Frente a lo que ha sido la transición de poder más accidentada de la que se tenga memoria, el presidente electo Biden expresó lo siguiente: “En este momento, nuestra democracia está bajo un asalto sin precedentes, como no habíamos visto en tiempos modernos. Un asalto a una ciudad de libertad, el Capitolio en sí mismo. Un asalto a los representantes de la gente, a la policía del Capitolio, a los servidores públicos (…). No es una protesta, es una insurrección”. Con esta afrenta a la decisión tomada por la mayoría de los ciudadanos estadounidenses y reflejada por las reglas del Colegio Electoral, arribará un nuevo gobierno en unos pocos días. La tarea de Biden, la vicepresidenta Kamala Harris y su equipo de trabajo no es fácil: podría resumirse en reconstituir el tejido social antes que establecer un nuevo pacto político. Pero esta situación, hay que decirlo, ya no depende únicamente del presidente que entrará en funciones. Lo ocurrido esta semana en Washington ya no es solo un síntoma, es el estado en el que dejó Donald Trump a la democracia de su país al desacreditarla continuamente. Remontar este saldo no es tarea fácil porque en la mente de cada partidario del tirano que se va está una visión del mundo basada en “fake news” y conspiraciones que avivan el fanatismo.

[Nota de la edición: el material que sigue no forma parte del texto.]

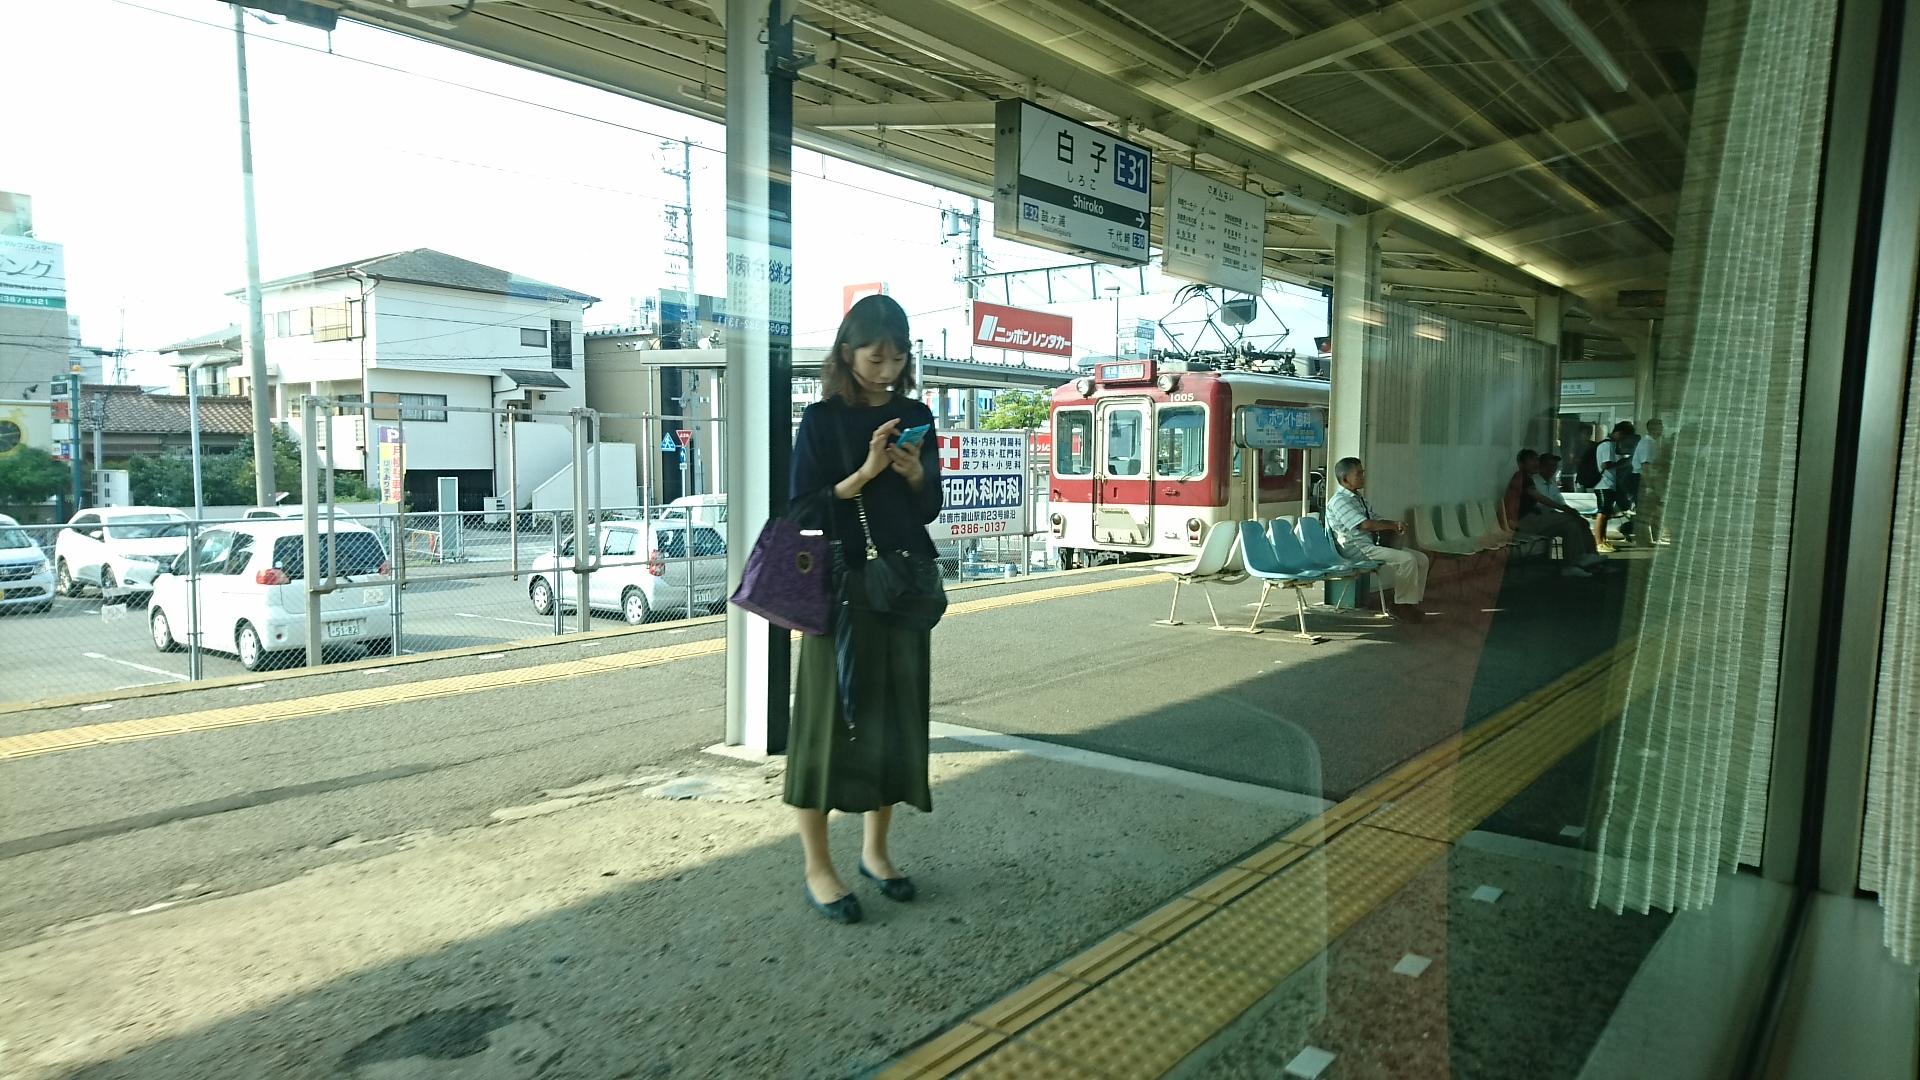 2017.8.18 近鉄 (14) 名古屋いき特急 - 白子(名古屋いきふつう) 1920-1080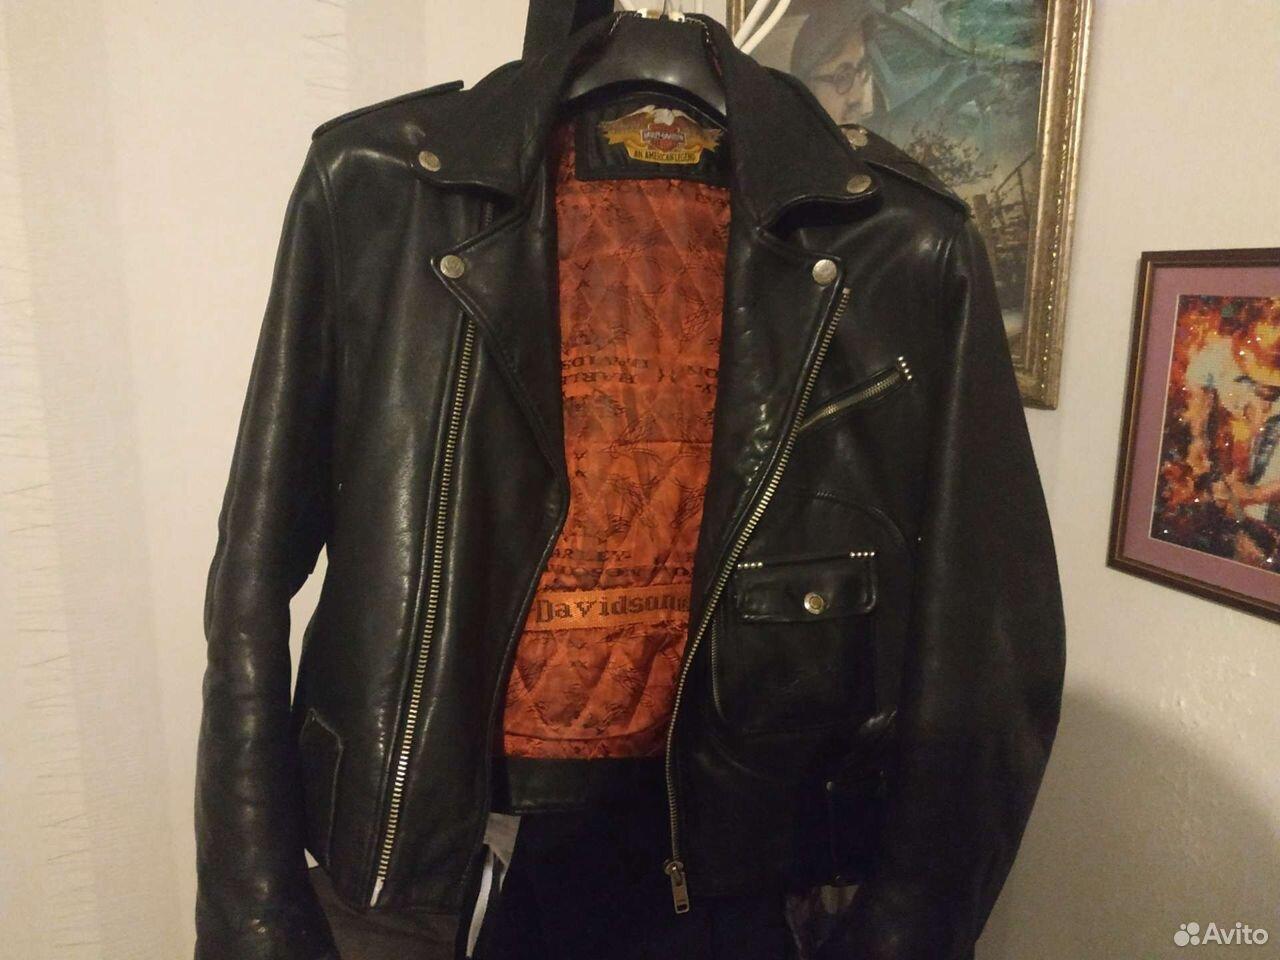 Кожаная куртка косуха Харлей Девидсон оригинал  89220446254 купить 3

Biden gobernará a un país partido en dos.
Como vecinos y socios estratégicos, México y Estados Unidos tienen un futuro compartido en una de las regiones con más potencial del planeta: Norteamérica. Este potencial fue también continuamente menospreciado por Trump, quien se encargó de estigmatizar a los mexicanos generalizándolos como delincuentes. Su discurso xenófobo pasará al basurero de la historia como él, un ser incapaz de entender que el mundo va más allá de su posición de privilegio. Afortunadamente para el mundo una nueva era está por comenzar. México tiene la oportunidad de reconstituir los intereses comunes con el gobierno del presidente Biden, un hombre experimentado y moderado, que puede ser un aliado en una época de incertidumbre, cuando está claro que el peor enemigo no es un patógeno desconocido como el que ya nos afecta, sino el odio; la capacidad que tiene de movilizar masas para destruir principios e instituciones.